小蝶怕自己美貌引起旁人注意,一路上還是遮遮掩掩,朱駿卻是仿佛久困的囚籠的鳥兒般,心中頗有些興奮。朱駿雖然一身武功全失,這時再一次離家,卻是頗有些海闊憑魚躍,天空任鳥飛的感覺,想想自己前世沒有任何武學修為,孑然一身,不也是每天活得快快樂樂。
莊門前果然有帶刀的漢子在把守。朱駿牽起小蝶的小手,緩步挪過去,仍是被那幾個漢字持刀擋住了去路。
朱駿上前笑容滿麵道:“各位大哥,小弟是東京城外人,這是我家婆子。這不聽說德州營募兵,小弟也想過去混個前程。
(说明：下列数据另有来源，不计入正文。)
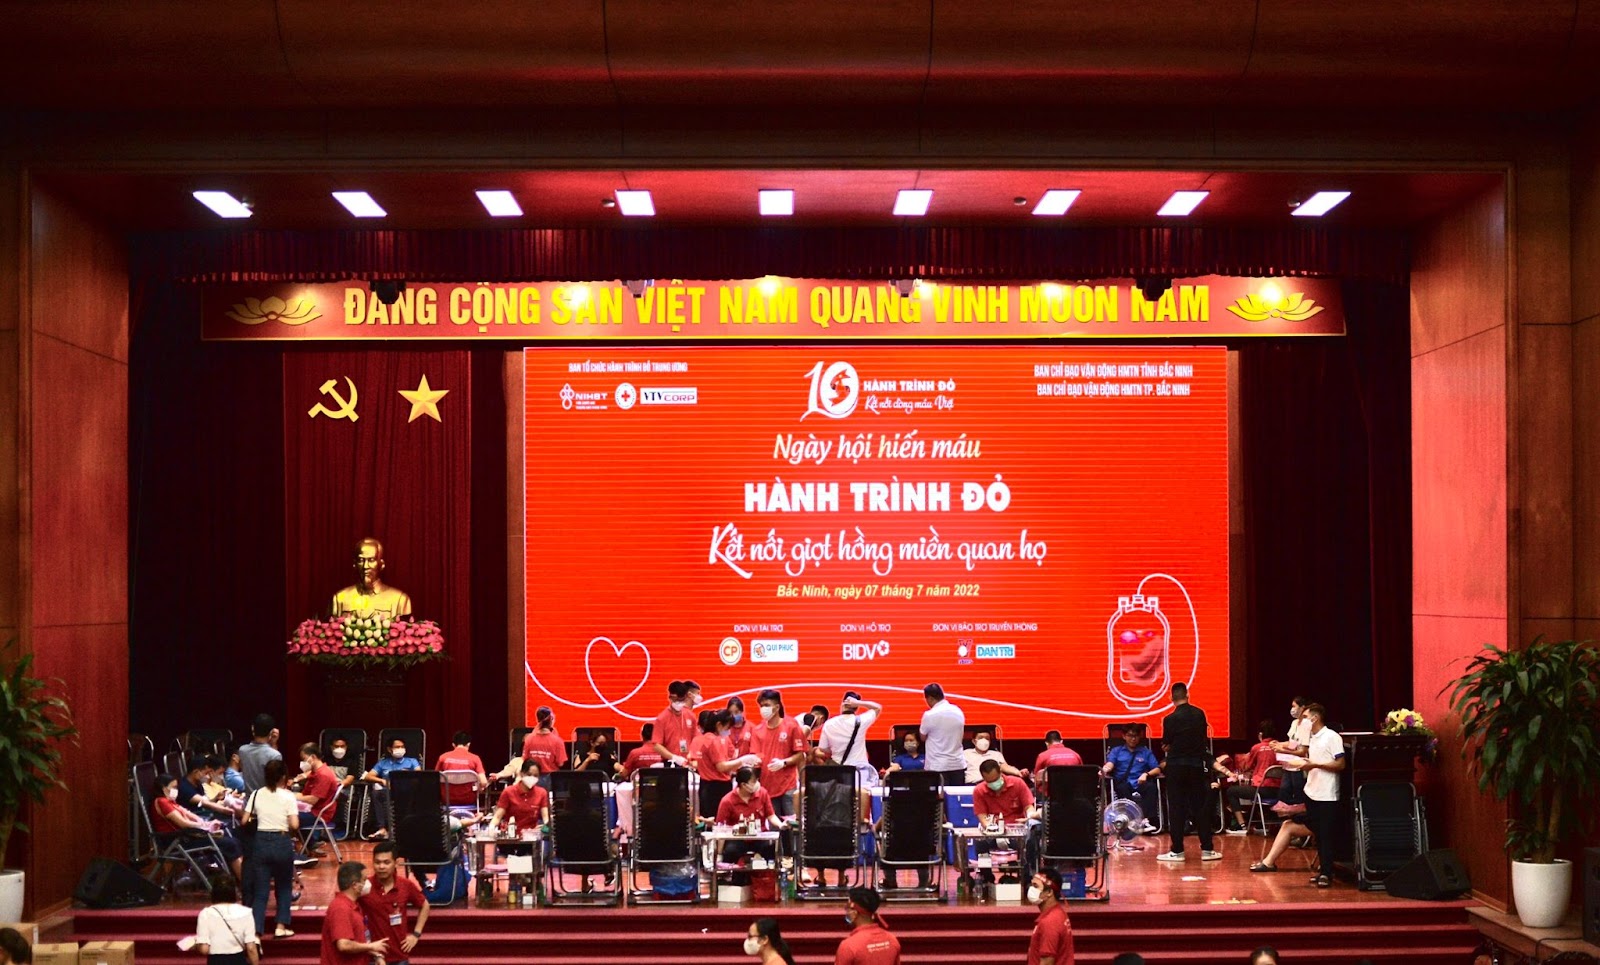 Bắc Ninh: Hàng nghìn người hưởng ứng chương trình hiến máu “Hành trình Đỏ - Kết nối giọt hồng miền quan họ”

我大哥剛好是在德州做生意的,我把自家婆子也帶過去,聽說王爺這次要出兵南國,可是為國立功的大好機會啊。”
一個橫肉滿臉的漢子嘿嘿笑道:“小兄弟倒是好見識,隻是你這身子骨當真的上陣打仗?我看你家婆子都比你硬朗呢。”
朱駿訕笑道:“這不是兵營不收女兵麼?我這幾年在東京做了幾年苦哈哈,還得婆子也跟我受了不少苦。她平時活兒比我重,自然要健壯些。這位大哥,你別看我身子骨瘦小,卻也是賣力氣吃飯的。要不是最近得了場大病,說不得現在也壯實著呢。這不是被老掌櫃炒了魷魚,才想著去兵營裏混個前程麼?”
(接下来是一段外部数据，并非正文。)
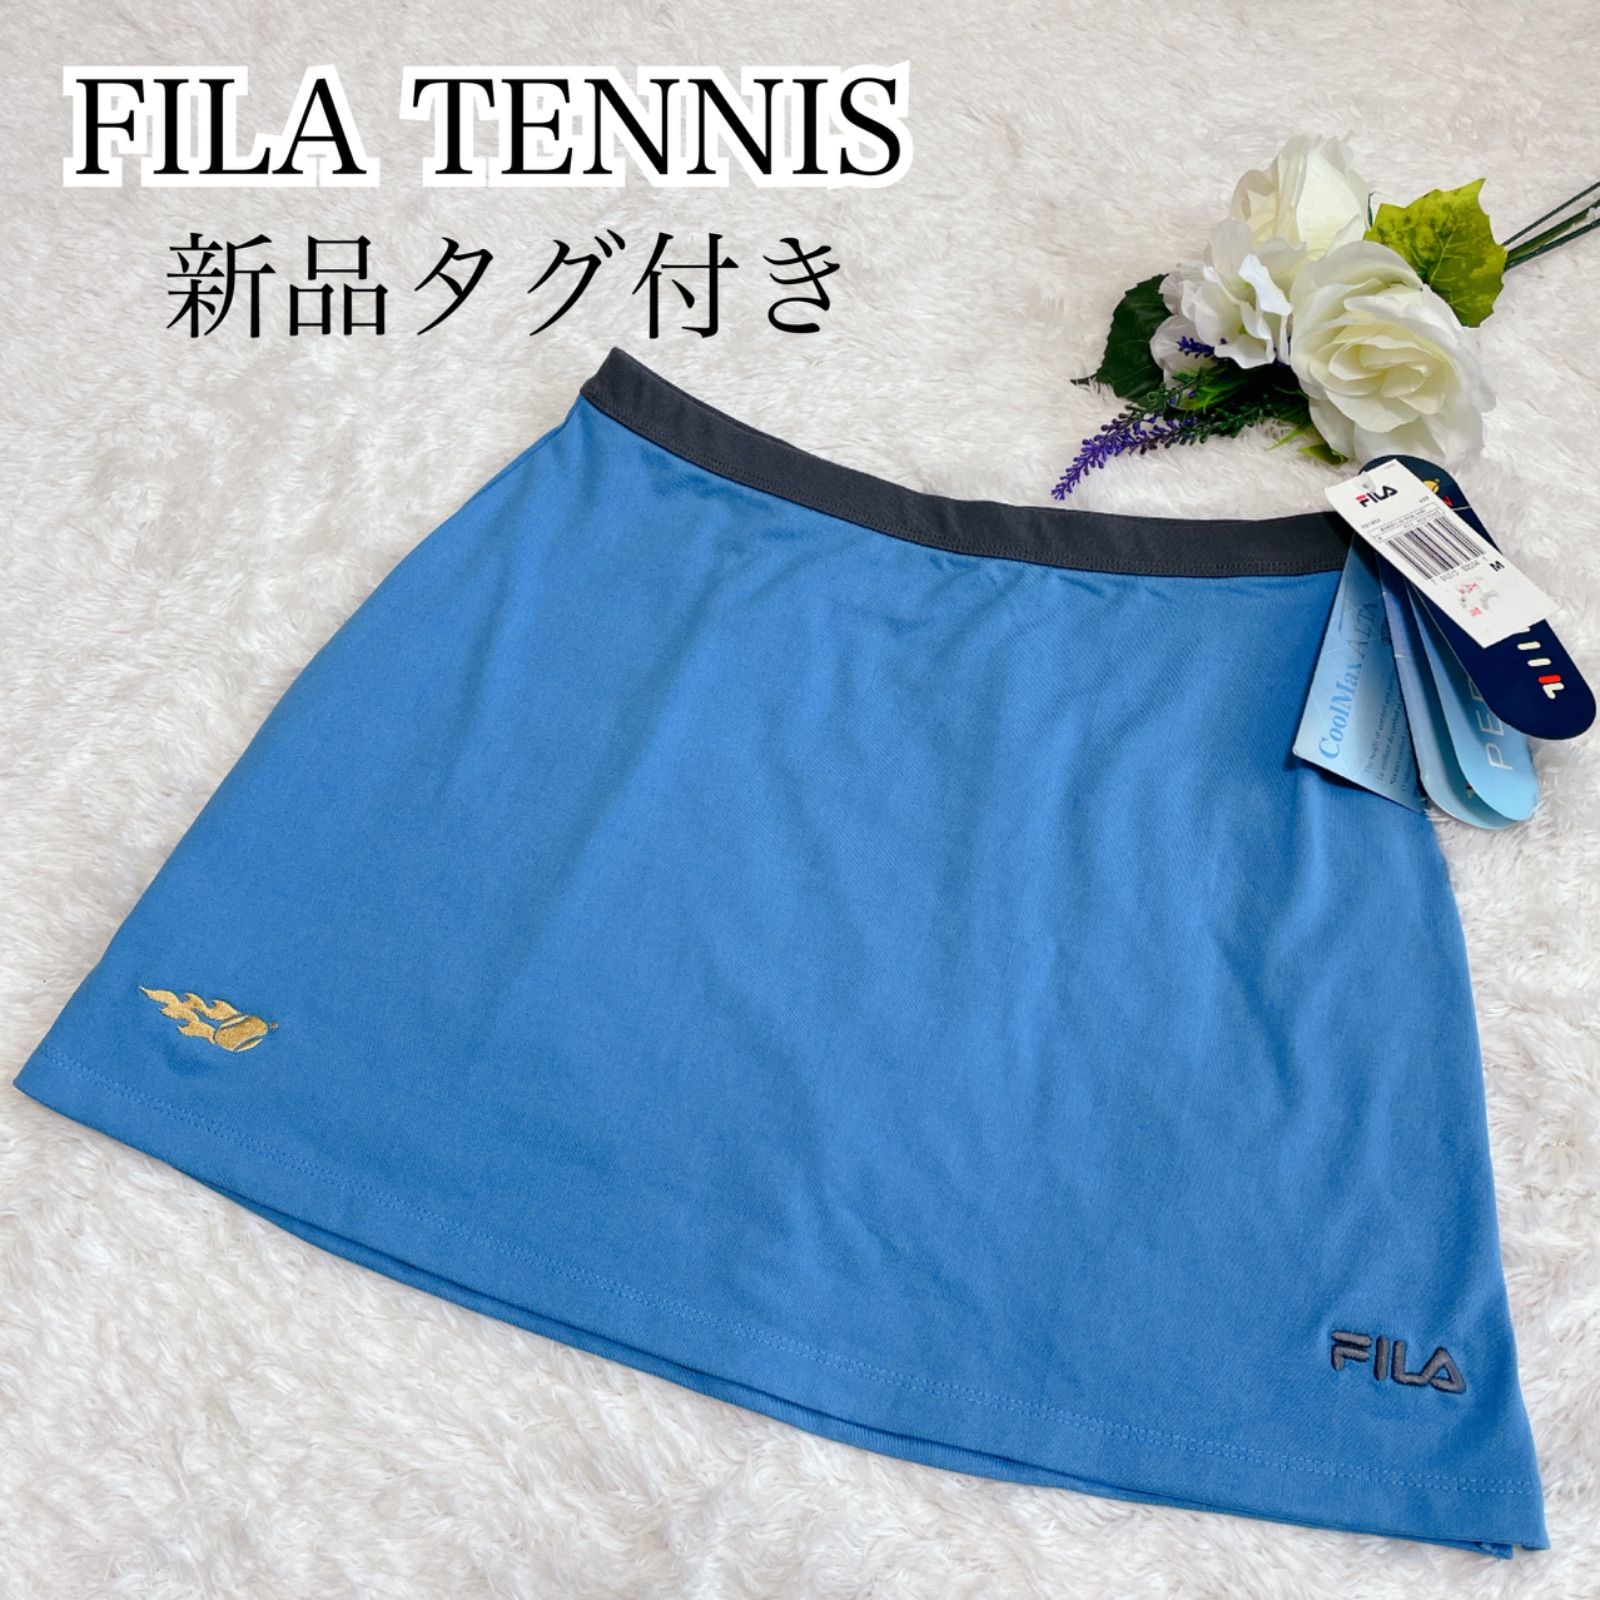 新品】FILA フィラテニス スカート スコートライトブルー 青 Mサイズ

朱駿暗暗從衣袖裏掏出幾個銅子,卻是專門準備的,平日有朱胖子在身幫襯著,這些事情自然不用他來做,可是今個兒是出來逃難的。隻是他銀子還沒遞到那漢子手中,卻被另外個漢子一把抓住腕兒,那漢子嘿嘿笑道:“好一個細皮嫩肉的小子,瞧你油嘴滑舌的,還想騙老子。劉巴子,給我將這兩人抓起來,隻怕是東京裏逃出來的奸細,等四爺回來再做定奪。”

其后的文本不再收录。